Good Grief
"In this world nothing is certain but death and taxes," Benjamin Franklin once said. Yet how we deal with those certainties is a different story -- particularly death.
George Bonanno, Associate Professor of Psychology and Education, has spent his career exploring emotional responses to tragedy -- from bereavement in response to the death of a close family member to resilience in the face of a traumatic situation. Recently he compared grief processing and grief avoidance of bereaved spouses and parents in the U.S. and China. The key finding: the Chinese typically fare better emotionally, in part because of engrained cultural attitudes that minimize the expression of negative emotions, but also because of rituals that emphasize a continuing bond with lost loved ones.
"The Chinese believe that your ancestors are somewhere else and you still have a relationship with them," Bonanno says.
Initial death rituals in China are designed to "send the deceased successfully to the land of the dead, where they need accoutrements to sustain a lifestyle to which they are accustomed, if not a better one." These gifts are presented at the funeral in the form of paper objects-'"passports, currency, cars, companions, houses, food-'"that are burned ceremoniously to be sent to the deceased.
"Everyone feels pain after losing a loved one, but for the Chinese, processing the loss was not about a psychological experience," Bonanno says.

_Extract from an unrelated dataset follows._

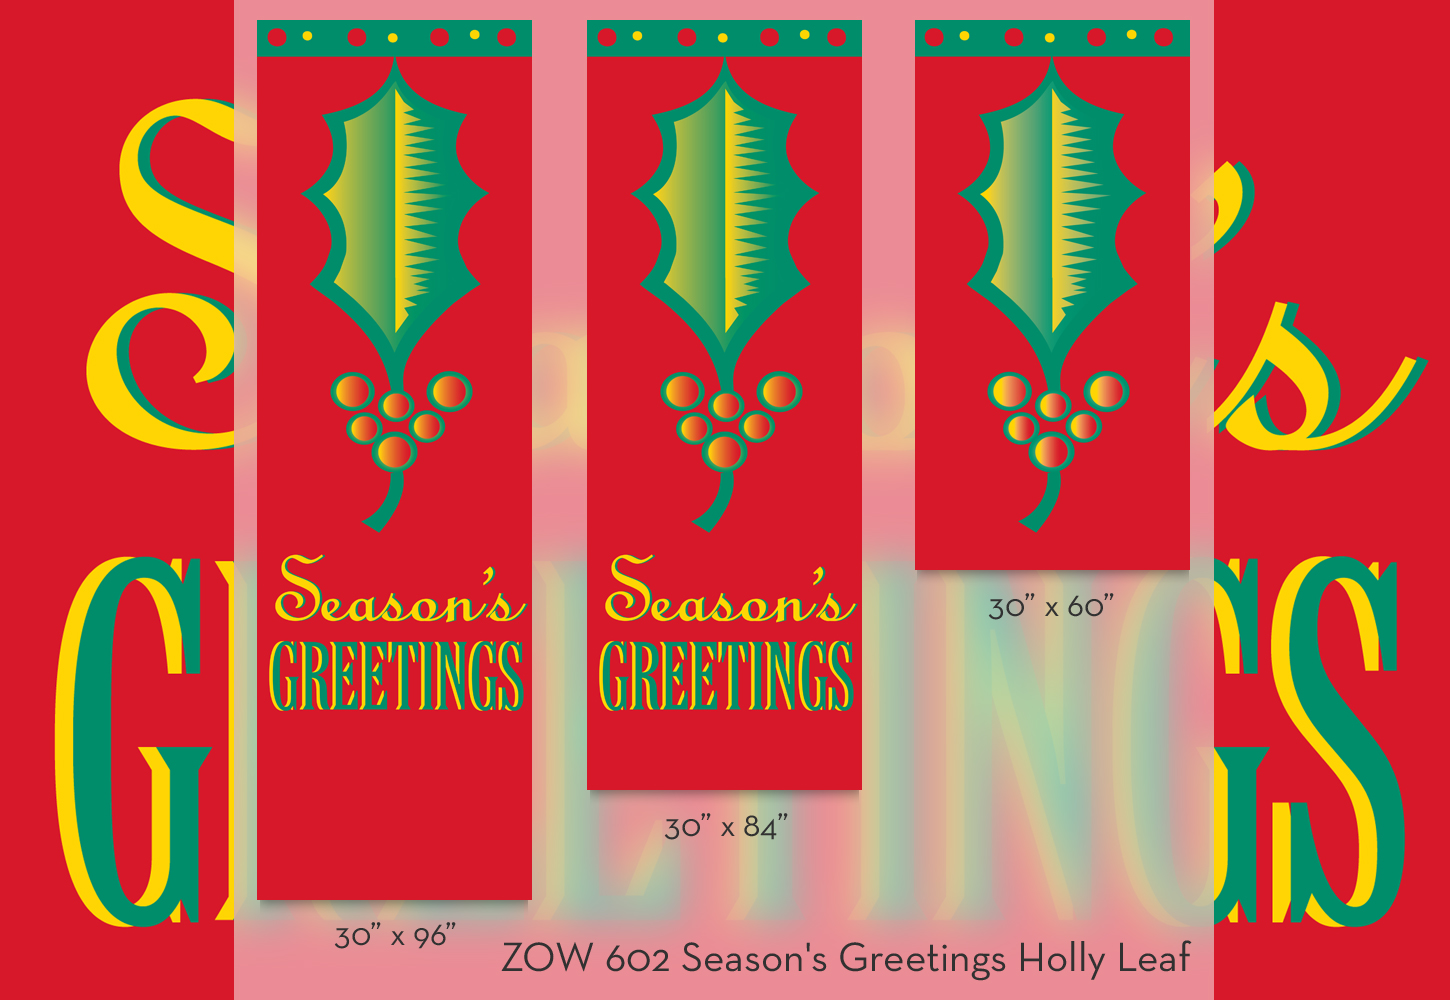 ZOW 602 Season's Greetings Holly Leaf

In contrast, when someone dies in the United States, surviving relatives who maintain a bond to the deceased person over time generally fare badly, continuing to experience the pain of loss.
"We might deal with loss better if we thought about it differently," Bonanno says, adding that American customs can sometimes be dysfunctional. "We worship independence and earning capability, and we are at a loss when natural events happen." Where do our loved ones go when they die? Do they exist somewhere else? "Those are enormous questions that we don't have any vehicle to talk about."